Wieprzowina w diecie osób aktywnych fizycznie

Zwykle w żywieniu osób aktywnych fizycznie oraz osób dbających o linie przeważa kurczak, a w drugiej kolejności indyk. Spowodowane to jest troską o ilość tłuszczu w diecie. Uważa się, że tłuszcz jest tuczący i to od jego zawartości w diecie zależy poziom naszej tkanki tłuszczowej w organizmie.
Niestety to nie jest prawda, a życie nie lubi pustki. Jeśli ograniczamy w diecie zawartość tłuszczu to w praktyce oznacza to zwykle zwiększony udział węglowodanów. Kolejną ważną kwestią jest to, że tłuszcz daje uczucie sytości co w praktyce oznacza dłuższe okresy między posiłkami.

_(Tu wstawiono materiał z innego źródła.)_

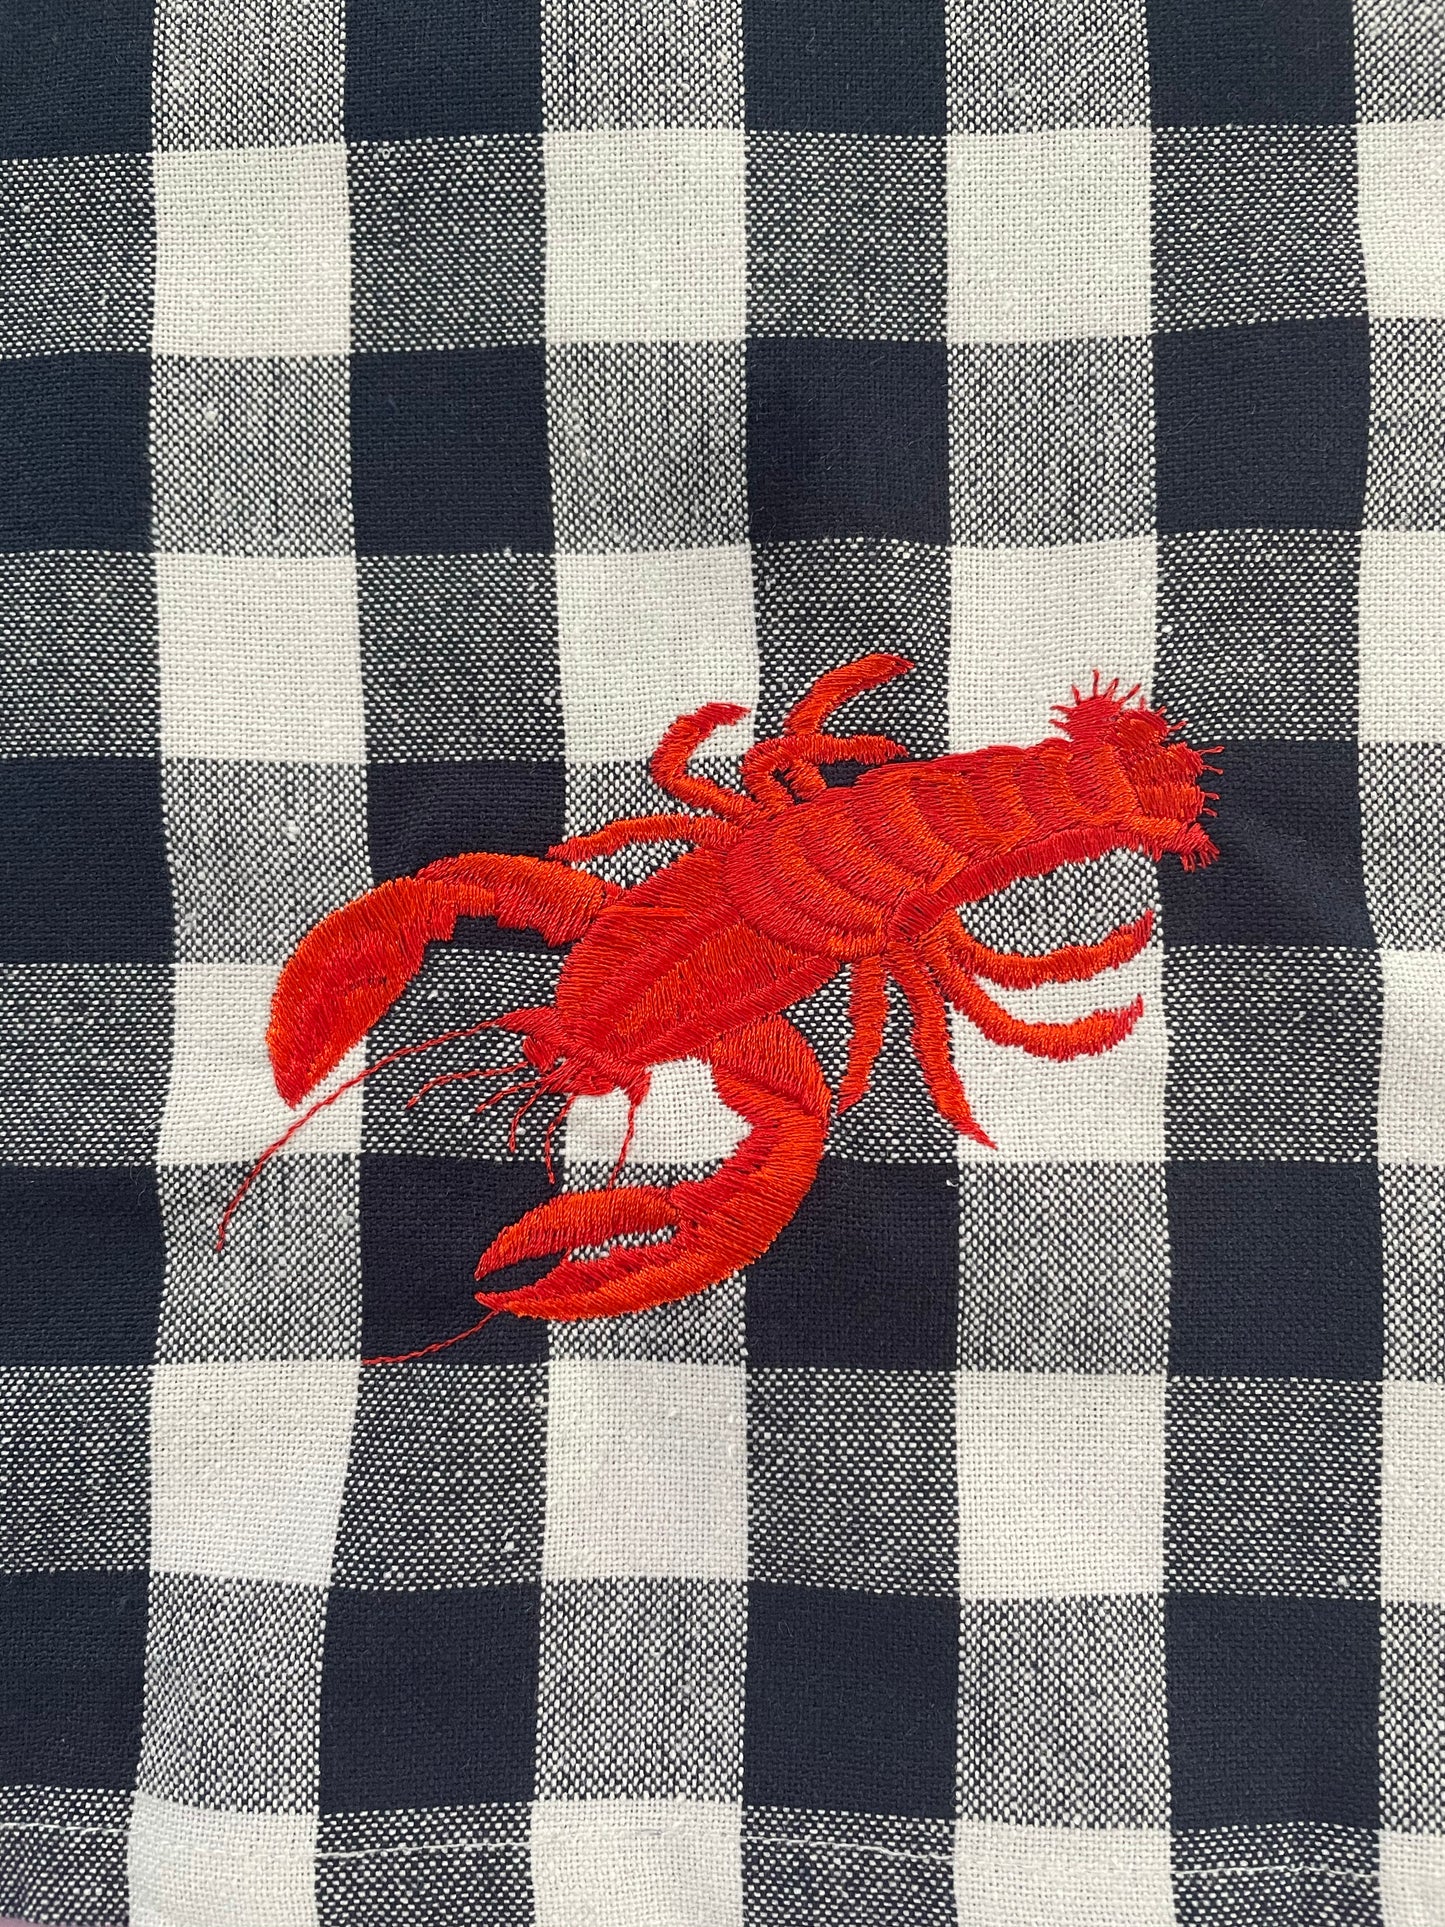 Lobster Embroidered Kitchen Towel. Cotton Dish Towels
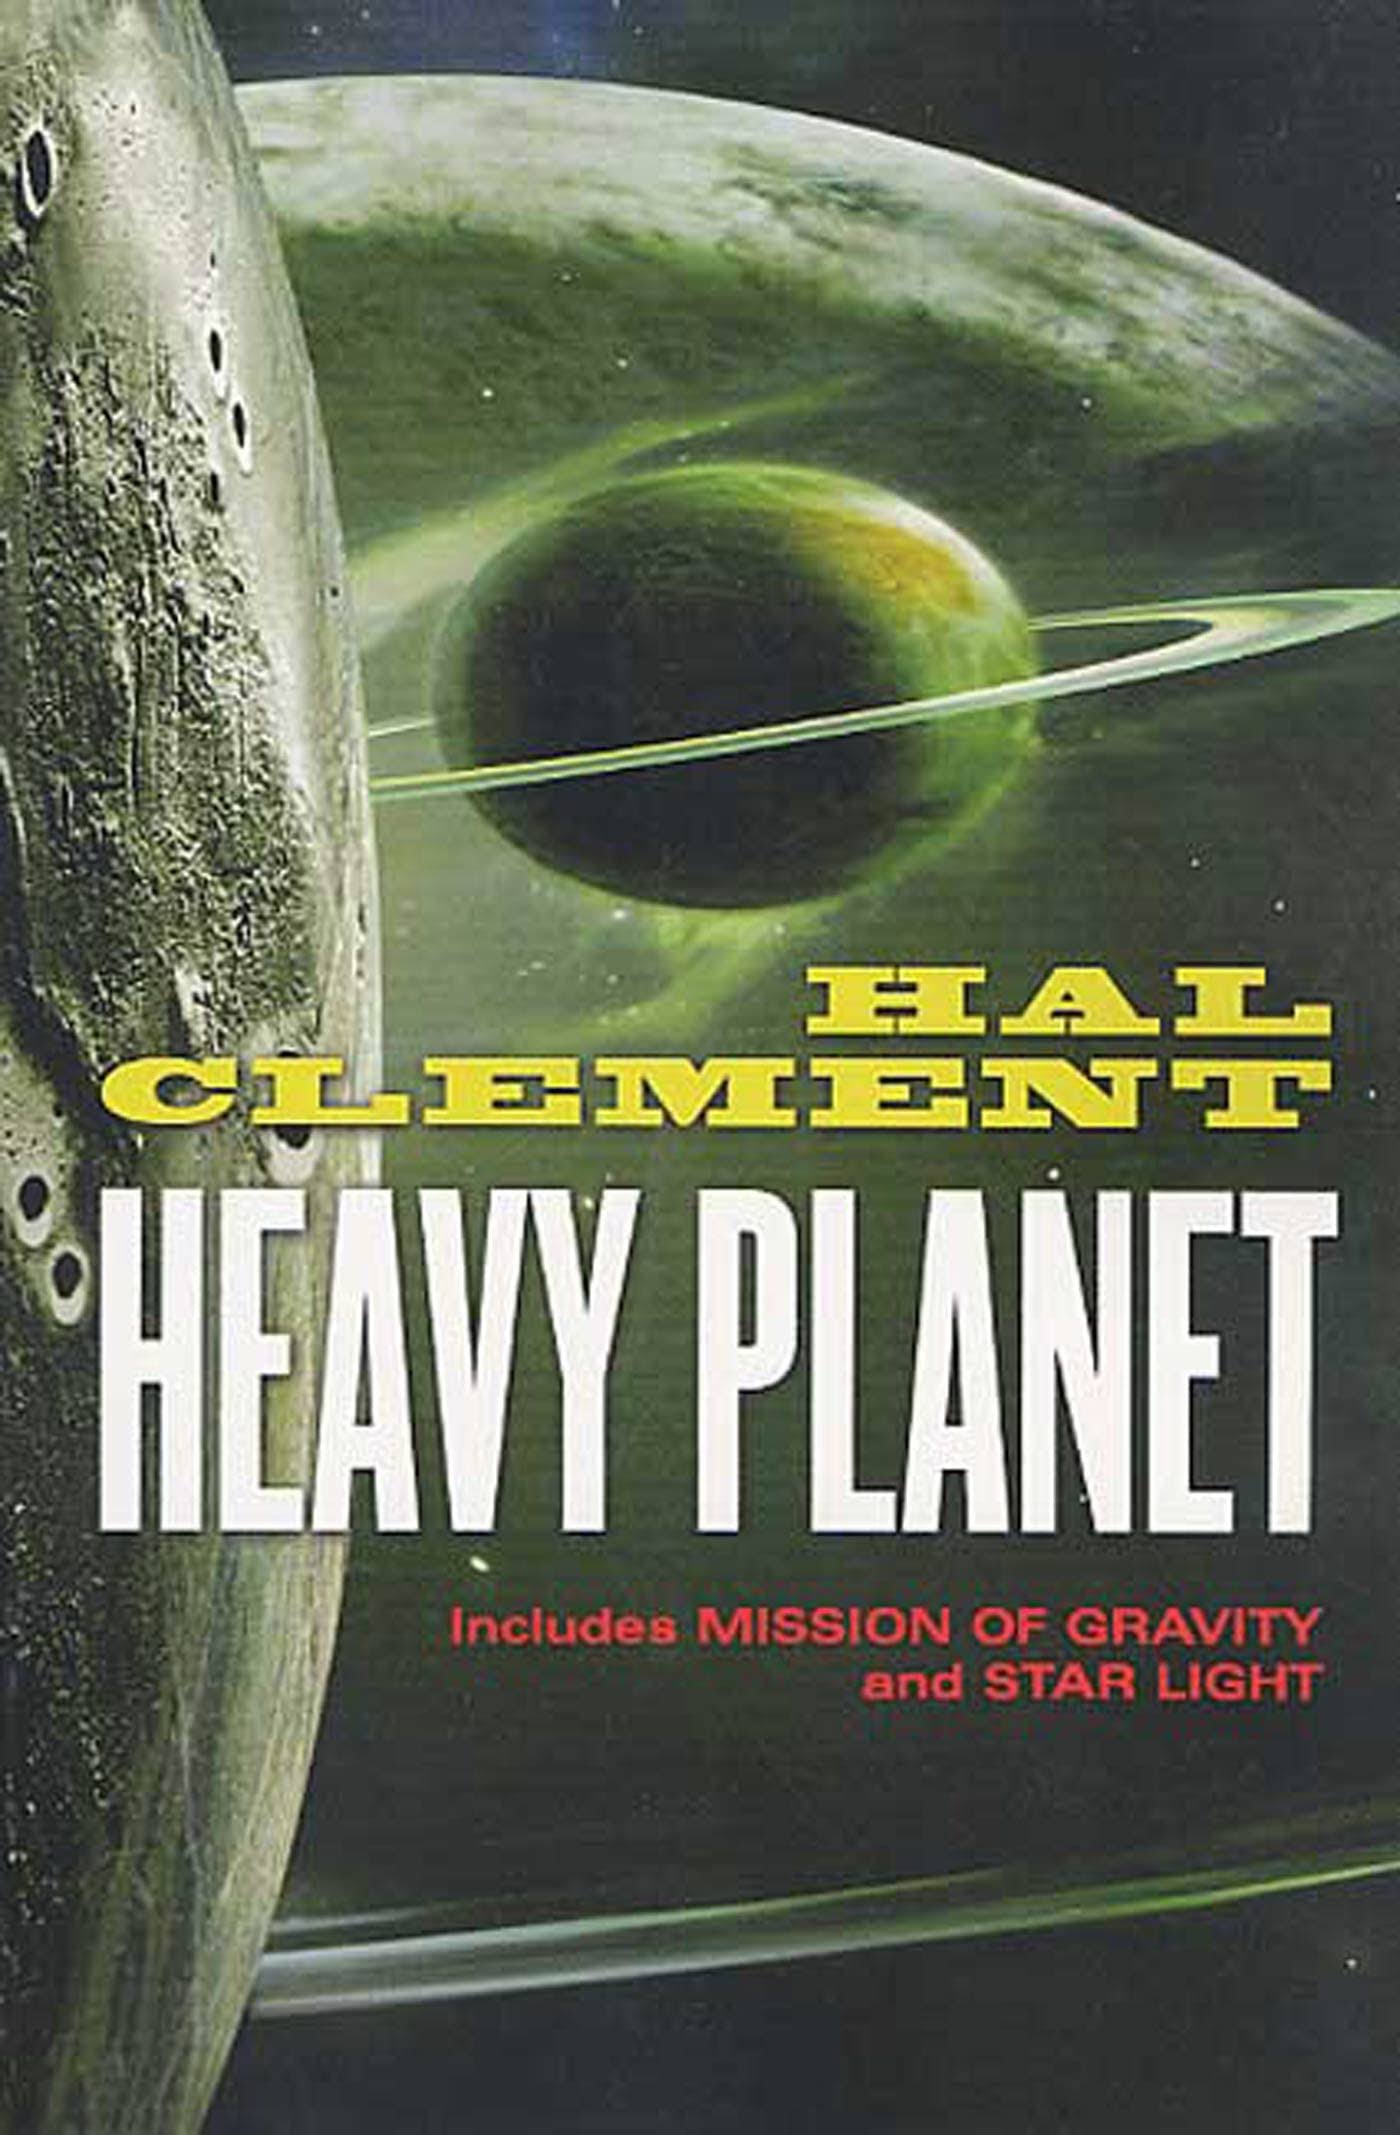 Heavy Planet : The Classic Mesklin Stories by Hal Clement - New - 076530368X

Po chudej piersi kurczaka z ryżem i warzywami zwykle odczuwamy potrzebę zjedzenia kolejnego posiłku dość szybko po pierwsze dlatego, że kurczak jest „chudy” i lekkostrawny, a po drugie że ryż szybko podnosi poziom cukru we krwi po czym szybko nam spada i odczuwamy głód.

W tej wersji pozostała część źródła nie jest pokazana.